Sekali lagi, aparat negara Indonesia merampas tanah yang adalah milik sah masyarakat adat Maluku secara turun-temurun — sebuah pola yang menyakitkan dan berulang.
Kekecewaan mendalam melanda masyarakat adat negeri Nusaniwe (Ambon), setelah aksi terbaru TNI AU. Tanpa konsultasi atau izin, TNI disebut-sebut telah mengambil alih tanah masyarakat adat secara sepihak. Tujuannya: membangun instalasi radar.
Wilayah yang dimaksud berlokasi strategis — lahan pertanian sekaligus destinasi paralayang yang populer. Warga desa melaporkan bahwa TNI tiba-tiba memasang patok batas dan menyatakan wilayah itu sebagai “hutan lindung” untuk pertahanan negara.
Masyarakat merasa dikesampingkan. “Kalau hanya satu instalasi radar, mungkin ada ruang untuk berdiskusi. Tapi untuk apa delapan hektare? Itu sama sekali tidak masuk akal,” kata para pemimpin desa.
Bagi masyarakat, tanah ini lebih dari sekadar tanah: itu adalah mata pencaharian mereka. Mereka menanam makanan di sana, memelihara kebun, dan memenuhi kebutuhan mereka sendiri.
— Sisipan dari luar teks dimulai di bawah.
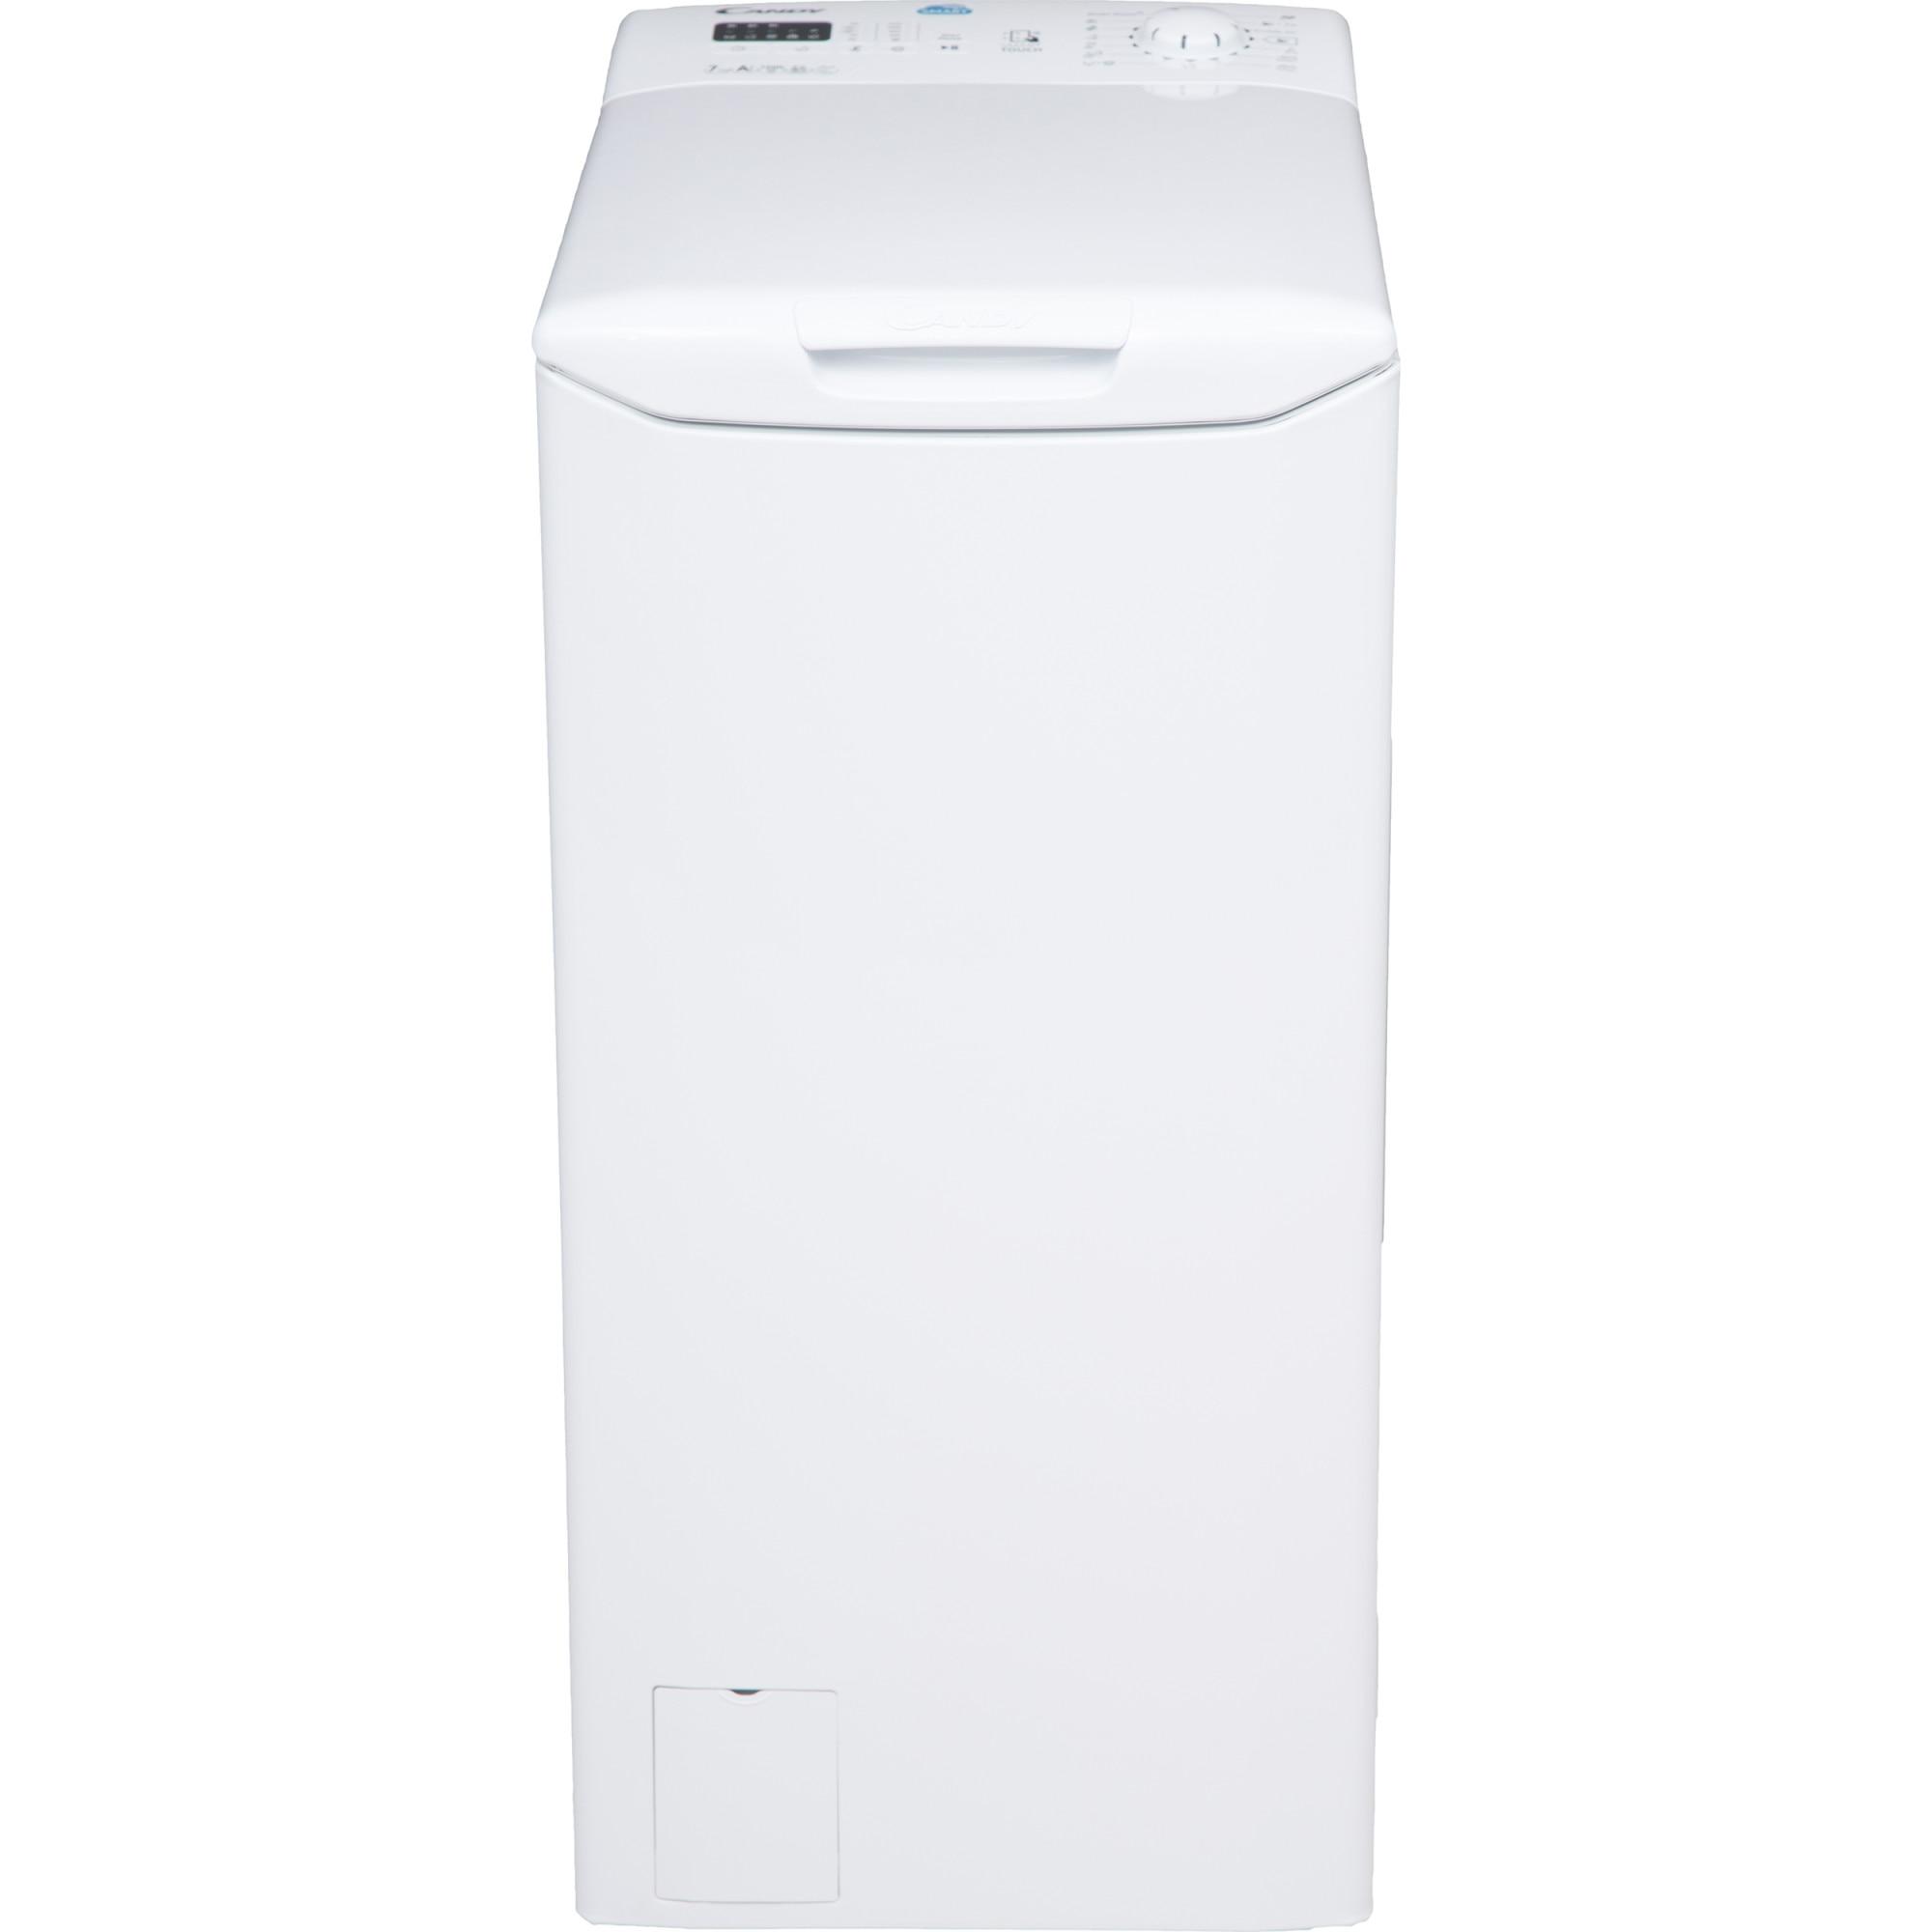 Fotografie Masina de spalat rufe cu incarcare verticala Candy CST 372L-S, Afisaj LED, Smart Touch, NFC, 7 kg, 1200 RPM, Clasa A+++, Alb

Instalasi militer berarti hilangnya otonomi, keamanan, dan masa depan.
Warga tidak menentang pembangunan. Namun, pembangunan harus dilakukan dengan musyawarah dan saling menghormati. Sekarang tanah leluhur mereka ditempatkan di bawah kendali militer — tanpa izin, dengan konsekuensi ekologis dan sosial yang besar. Selain itu, wilayah tersebut penting untuk pariwisata, dan menarik banyak pengunjung domestik dan asing setiap tahun.
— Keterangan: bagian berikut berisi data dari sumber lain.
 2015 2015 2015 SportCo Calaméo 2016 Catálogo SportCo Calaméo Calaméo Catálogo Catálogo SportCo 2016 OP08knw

Tentara versus penduduk asli
Insiden ini bukan satu-satunya. Tentara Indonesia makin sering mengklaim tanah yang telah dikelola oleh masyarakat Maluku selama berabad-abad. Di Tawiri (Ambon), penguasa militer mengklaim tanah untuk pangkalan. Di Marafenfen, di Kepulauan Aru, masyarakat baru-baru ini harus membela diri secara hukum terhadap klaim dari angkatan udara.
Dan berulang kali, ternyata bukan penduduk asli, tetapi aparat negara yang memiliki keputusan akhir.